_YOUR ASSIGNMENT:_ From the listing below, restate word for word the lines from the line containing "Picture of Orensboro Table Lamp" down through the line containing "and Feliz Play". Exclude pictures.

_TASK MATERIAL:_
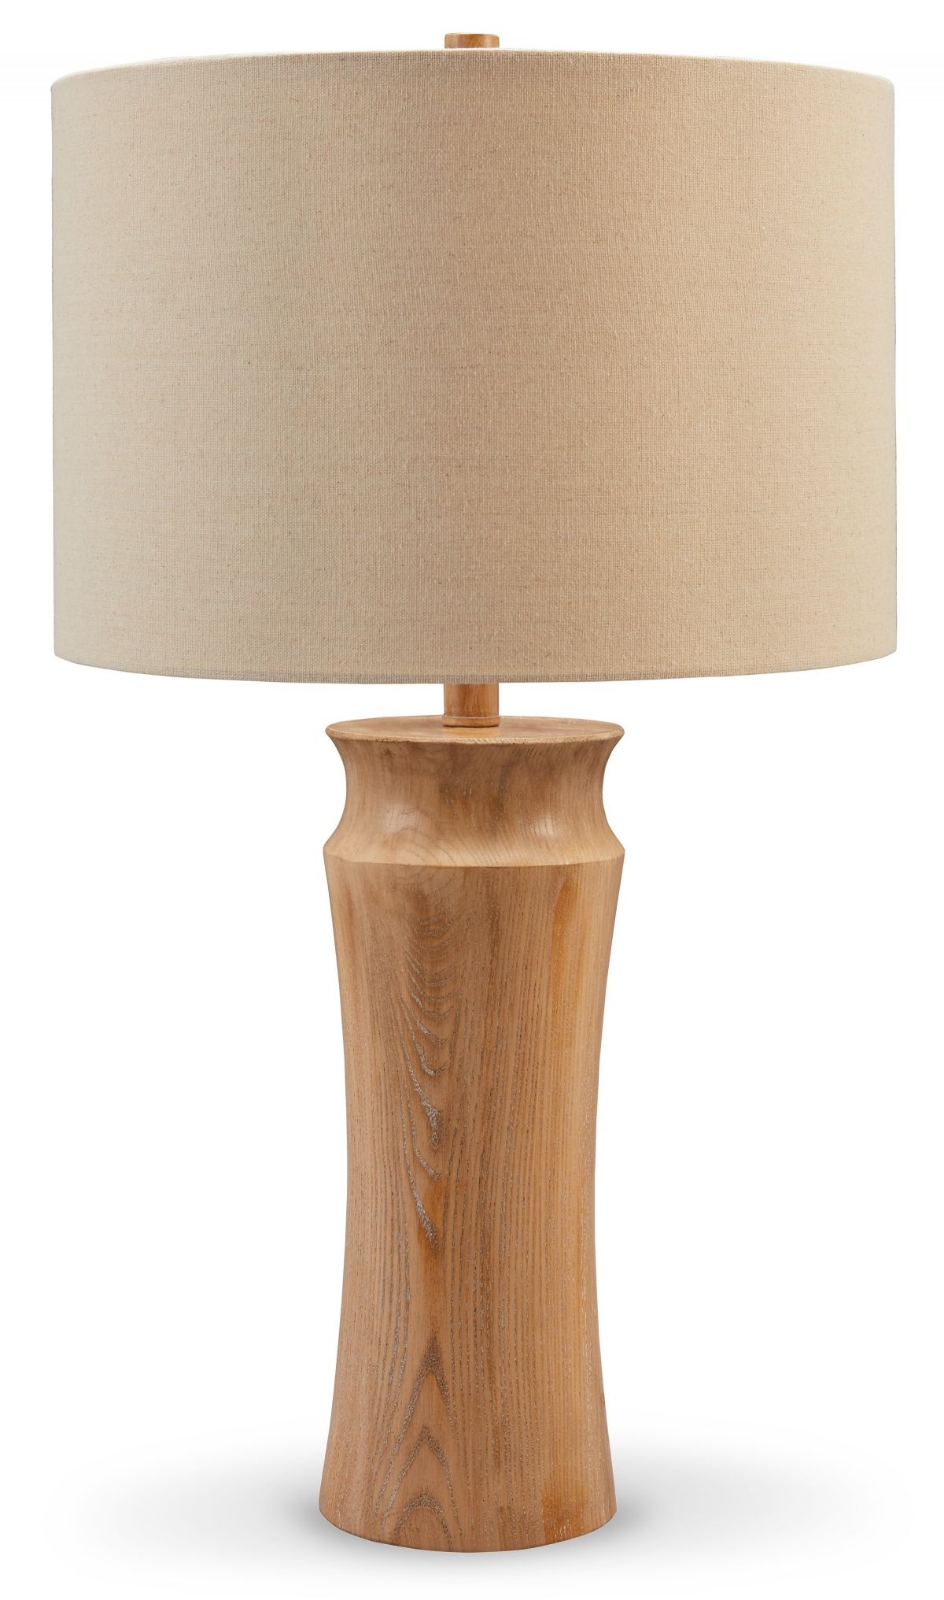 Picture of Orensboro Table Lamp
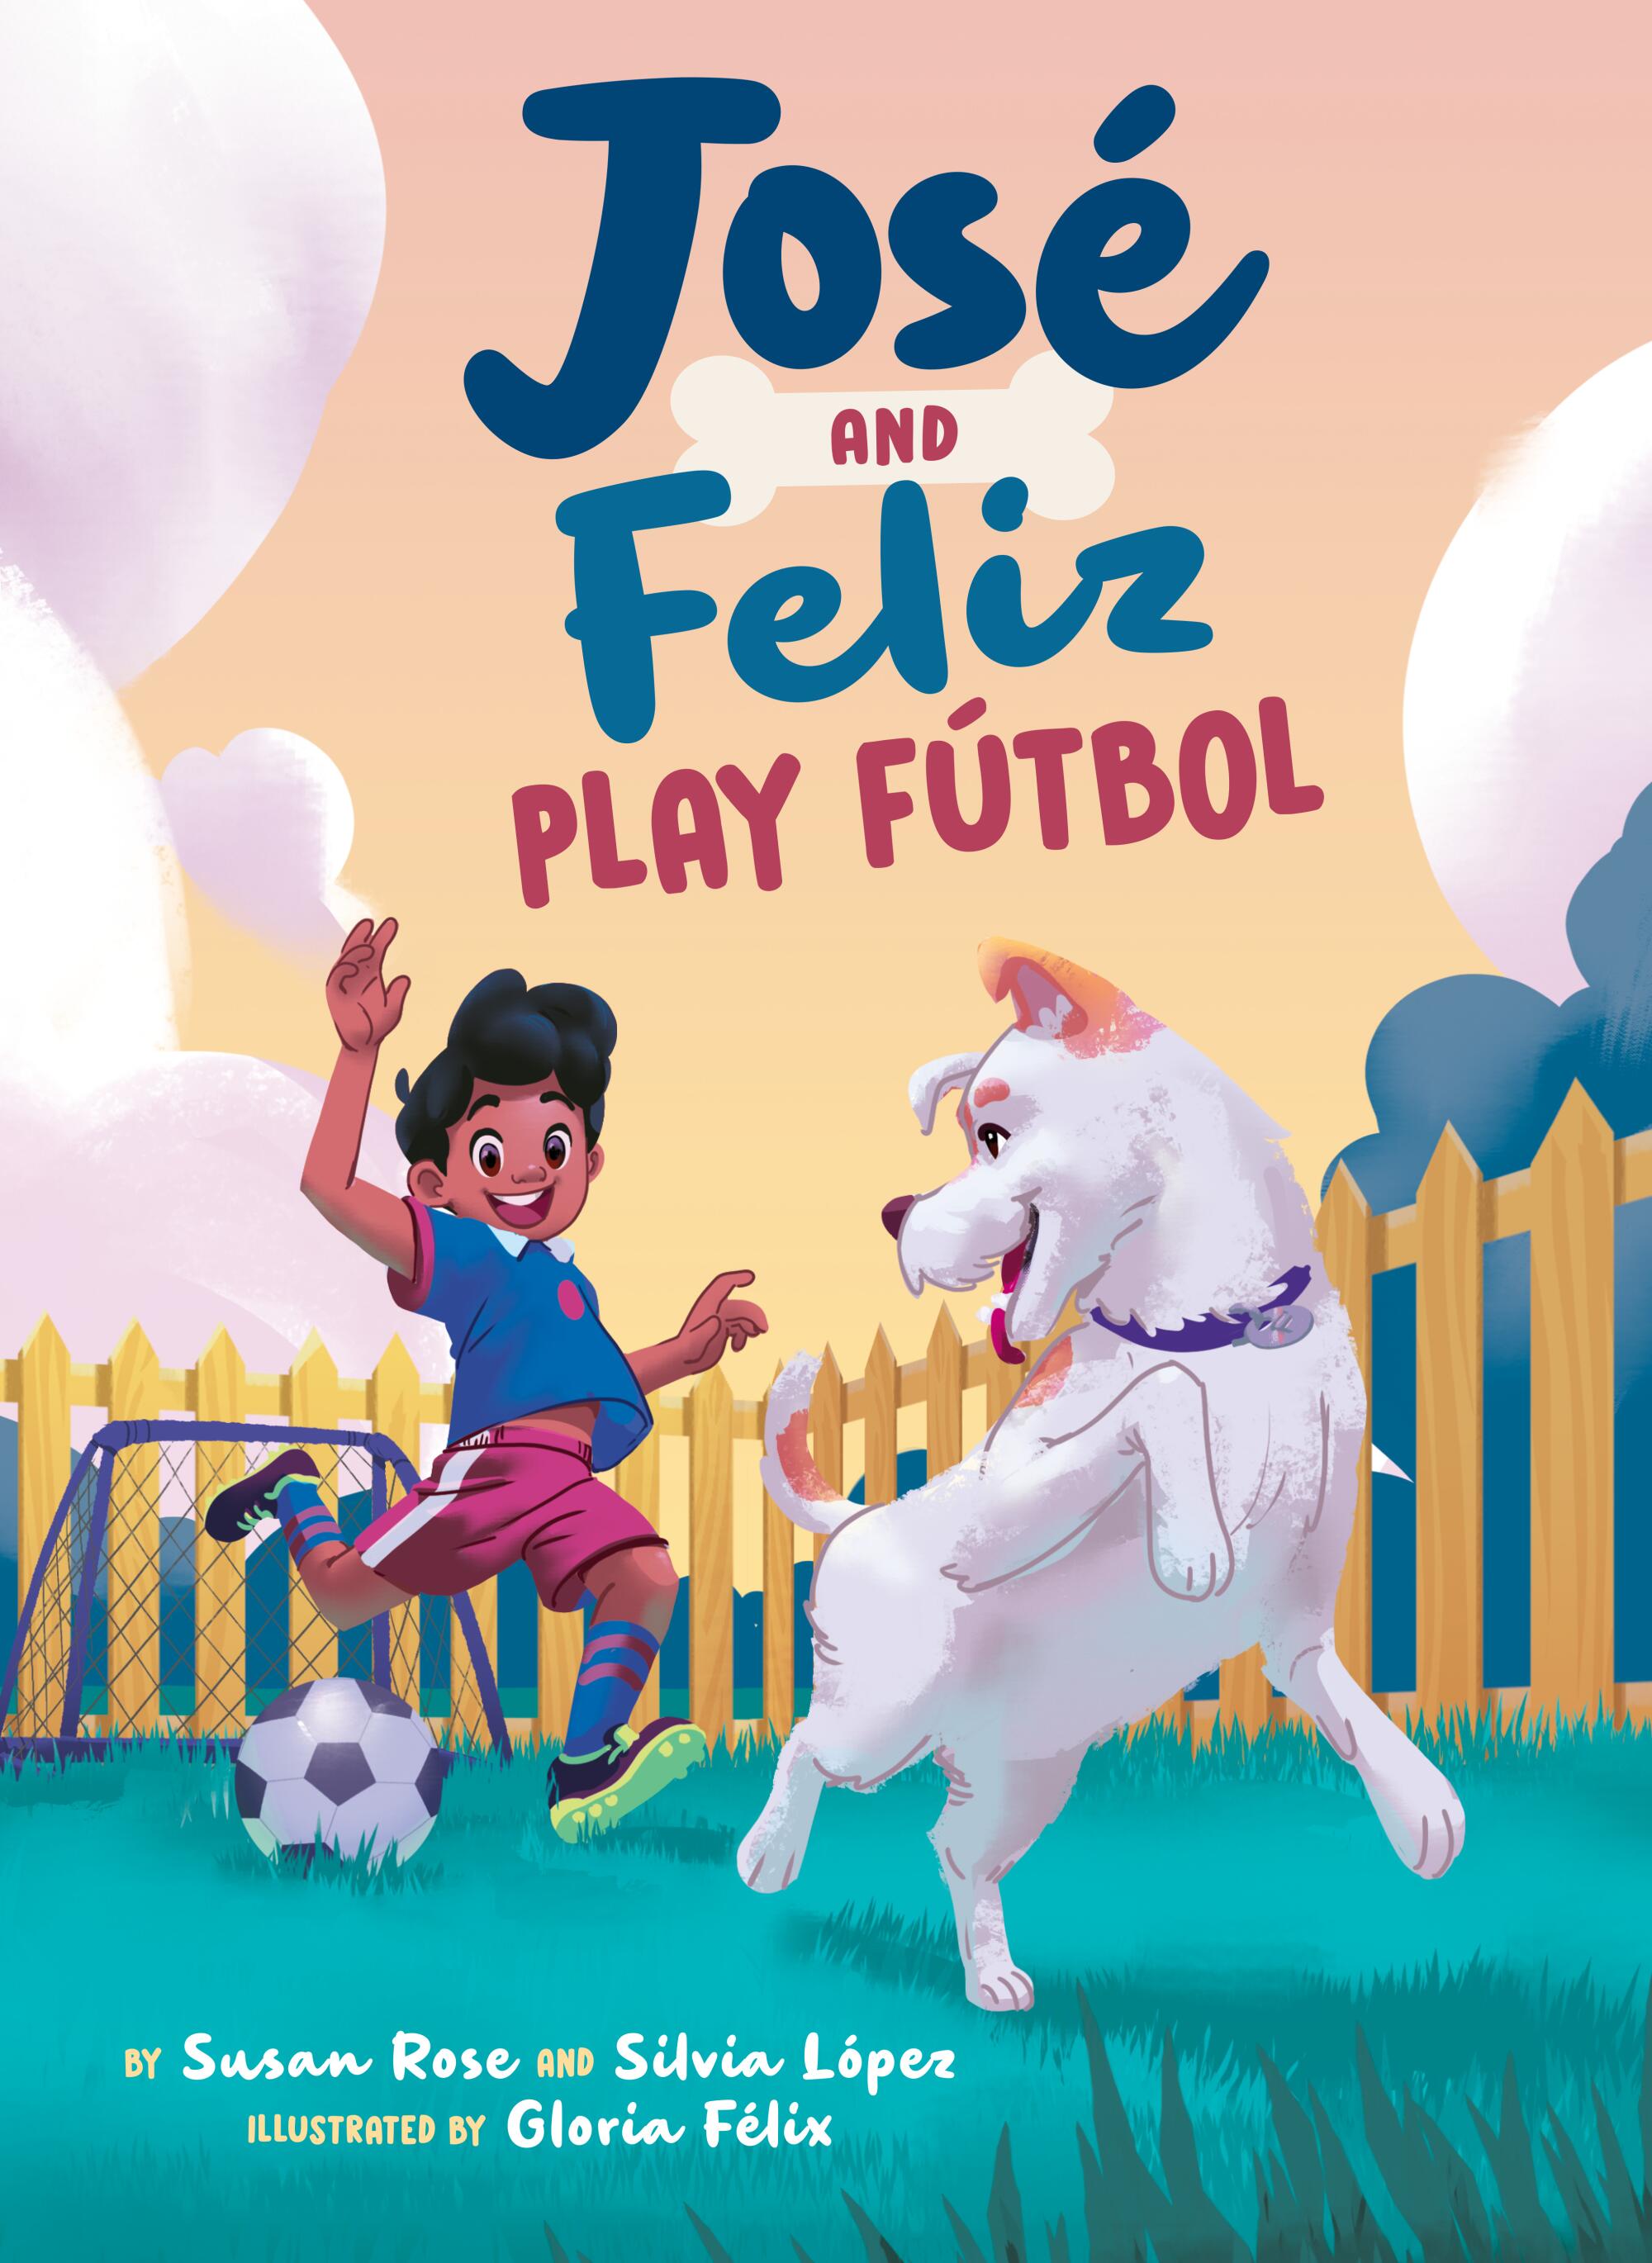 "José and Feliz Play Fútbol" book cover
--
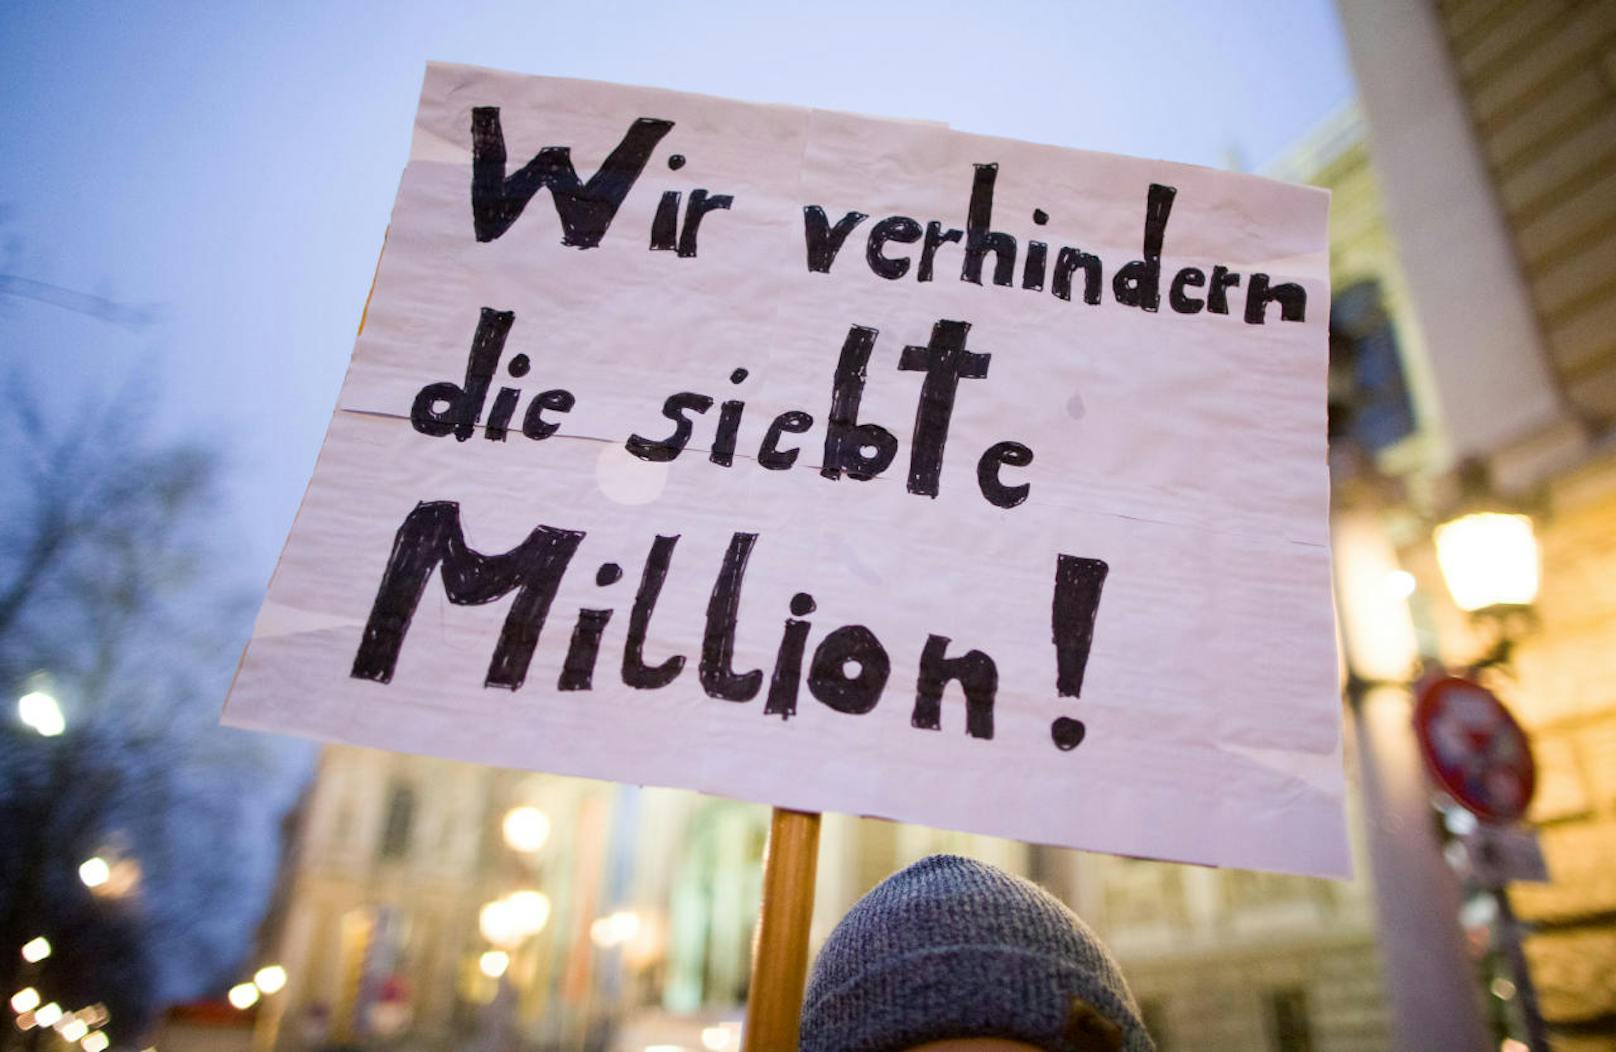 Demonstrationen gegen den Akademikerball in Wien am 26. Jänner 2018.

_ANSWER FOR THIS EXERCISE:_
 Picture of Orensboro Table Lamp
 "José and Feliz Play Fútbol" book cover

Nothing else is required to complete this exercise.